Nächster Schritt ist die Beurteilung, ob keine erheblichen Beeinträchtigungen der genannten Umweltziele erfolgen. In unserem Beispiel wäre etwa eine Beeinträchtigung von Umweltziel 6 (Schutz und Wiederherstellung der Biodiversität und der Ökosysteme) gegeben, wenn der Neubau auf unbebautem Land mit anerkanntem hohem Wert hinsichtlich der biologischen Vielfalt und Flächen, die als Lebensräume gefährdeter Arten für Flora und Fauna dienen, erfolgen würde.

Abschließend ist die Einhaltung sozialen Mindeststandards zu prüfen, beispielsweise ob für die eingesetzten Dienstnehmer die einschlägigen Dienstnehmerschutzvorschriften eingehalten werden.

Ist alles erfüllt, ist die wirtschaftliche Tätigkeit von A taxonomiekonform.

Ausblick

Zwei der wesentlichsten Aspekte der weiteren Entwicklungen zur Taxonomie-Verordnung (EUTAX) wurden ohnehin bereits im Beitrag erwähnt: Durch die Ablöse der NFRD durch die CSRD erfolgt eine Erweiterung des Anwendungsbereichs der EUTAX. Zudem ist in naher Zukunft mit den delegierten Rechtsakten zu den übrigen Umweltzielen zu rechnen.

Mit den in der Taxonomie-Verordnung (EUTAX) genannten Umweltzielen soll darüber hinaus auch noch nicht das Ende erreicht sein.

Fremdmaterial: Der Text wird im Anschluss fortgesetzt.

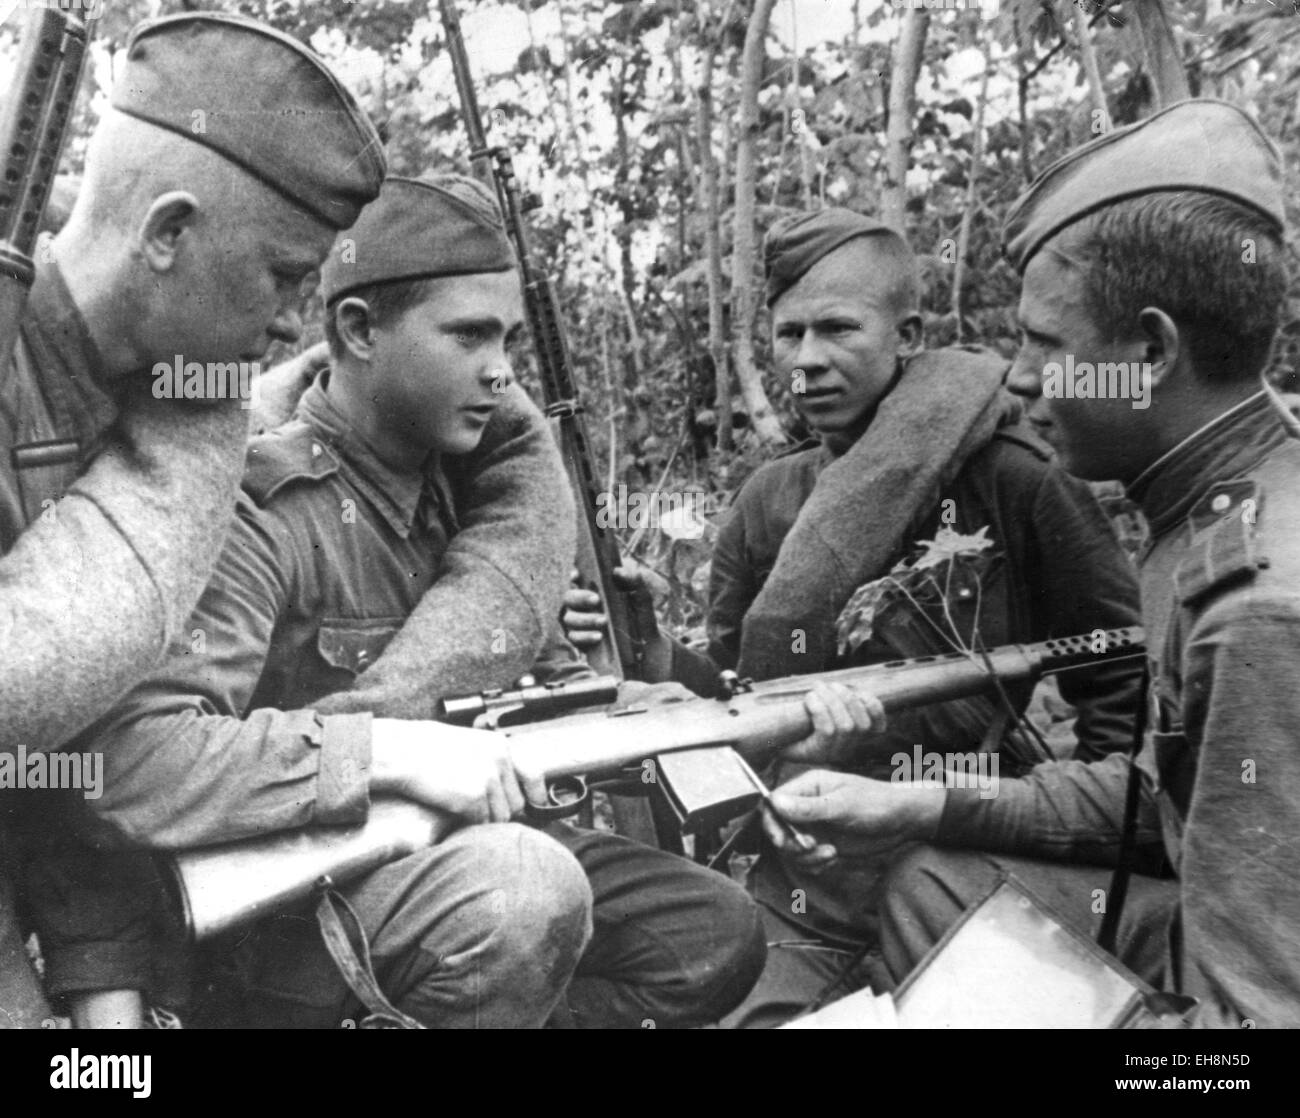 SOVIET ARMY snipers in training with instructor Sgt.Major Cheremisin at right about 1943. Rifle appears to be a late model  SVT-38 with telescopic sight Stock Photo

Neben Überlegungen zu weiteren Nachhaltigkeitszielen, wie Governance, ist vor allem die Umsetzung einer Sozial-Taxonomie in Arbeit, womit Unternehmen auch beurteilen müssten, wie sozial nachhaltig ihre Tätigkeiten sind[3]

Eins kann daher jedenfalls mit Sicherheit gesagt werden, die EUTAX ist nicht nur gekommen, um zu bleiben, sondern wird in den nächsten Jahren wohl noch erweitert werden.

Autor

Mag. Nikolaus Sauerschnig, LL.M. ist Rechtsanwalt in Kooperation mit Gheneff-Rami-Sommer Rechtsanwälte GmbH & Co KG (Wien).

_________________

Fußnoten:

[1] Zur besseren Lesbarkeit wird im Beitrag die männliche Form verwendet. Die Angaben beziehen sich aber natürlich auf Angehörige aller Geschlechter.